Offshore wind developers who have exited power purchases agreements to rebid their contracts, or canceled projects entirely, have cited issues like rising materials costs and increased interest rates — macroeconomic factors they have “no control over,” Wang said.
But those risks are starting to be better managed for project developers, as well. A recent Connecticut request for proposals for offshore wind acknowledges the financial struggles of the industry and offers developers new options for bidding contracts, allowing them to submit pricing at rates indexed to factors like inflation for adjustments of up to 15%.
Regulatory disputes over siting and permitting projects have also impacted the U.S. industry, but aren’t unique globally, Wang said.

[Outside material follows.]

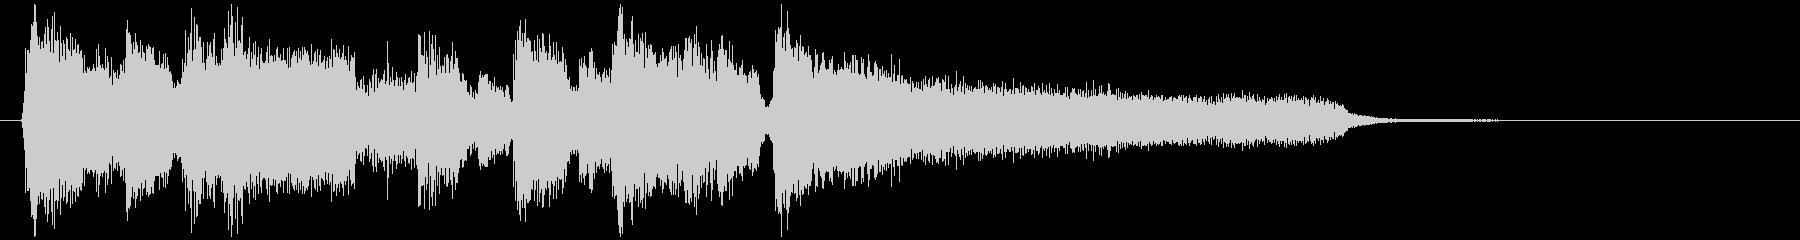 滑らかミディアムスイングのジャズジングルの未再生の波形
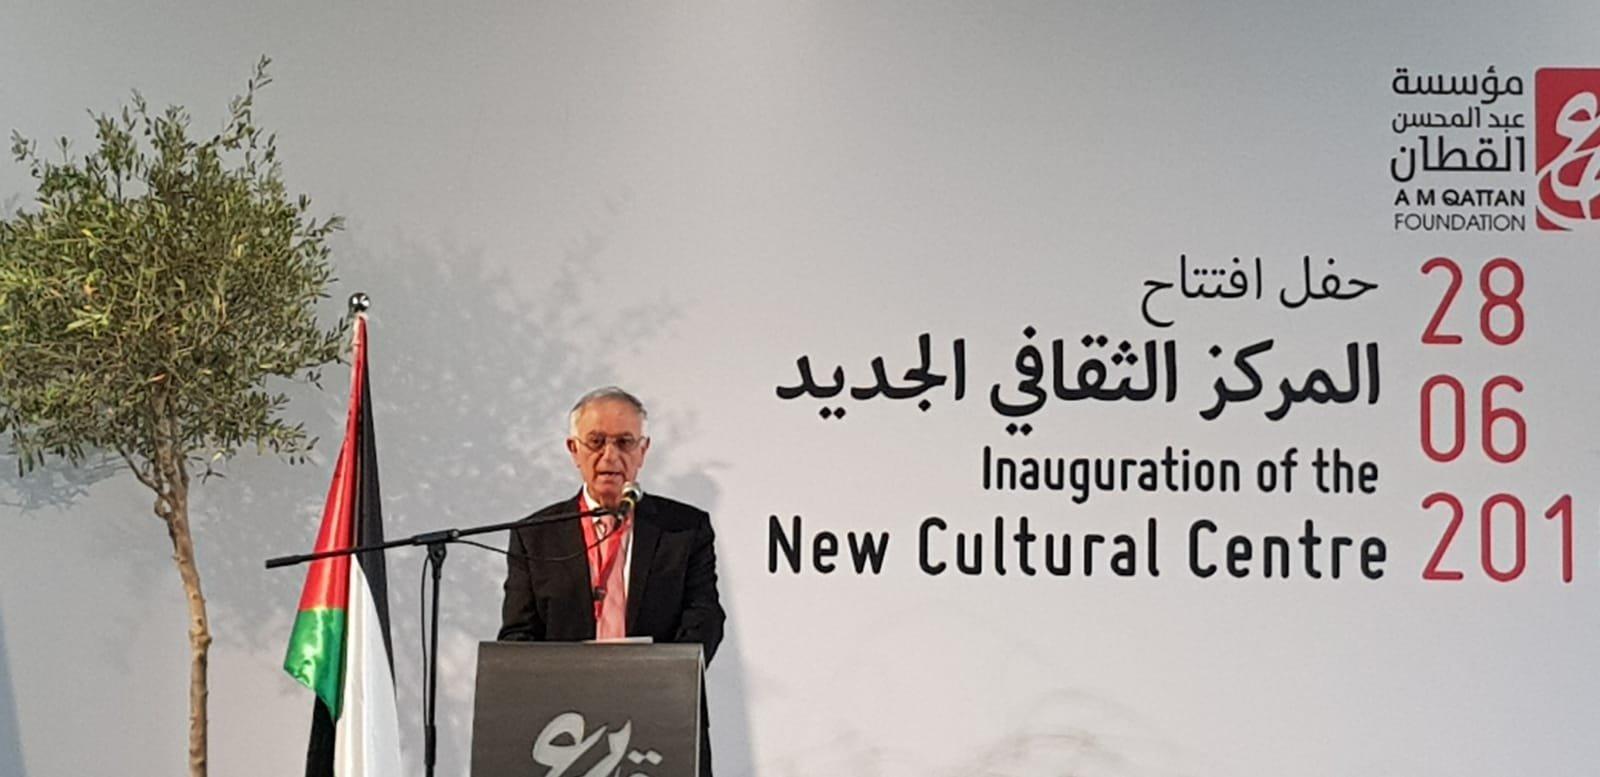 المركز الثقافي  الجديد في رام الله صرح للحوار والتأمل والإنتاج الثقافي

The European and Chinese markets face similar issues, and he expects these disputes will be a factor for the industry for a “long time” due to the number of potential conflicts wind farms pose both on and offshore.
“One thing I think is worth highlighting is that there are actually tremendous opportunities for floating wind – building projects further away from shore, deeper in the water,” he said. “And that's where we're most likely to be able to build more products at scale, like ten gigawatts or larger.”
Floating wind is “not quite there yet” when it comes to cost competitiveness, project economics and technological advancement, Wang said, but that “hopefully” in the next five or 10 years, the floating offshore wind market can reach scale.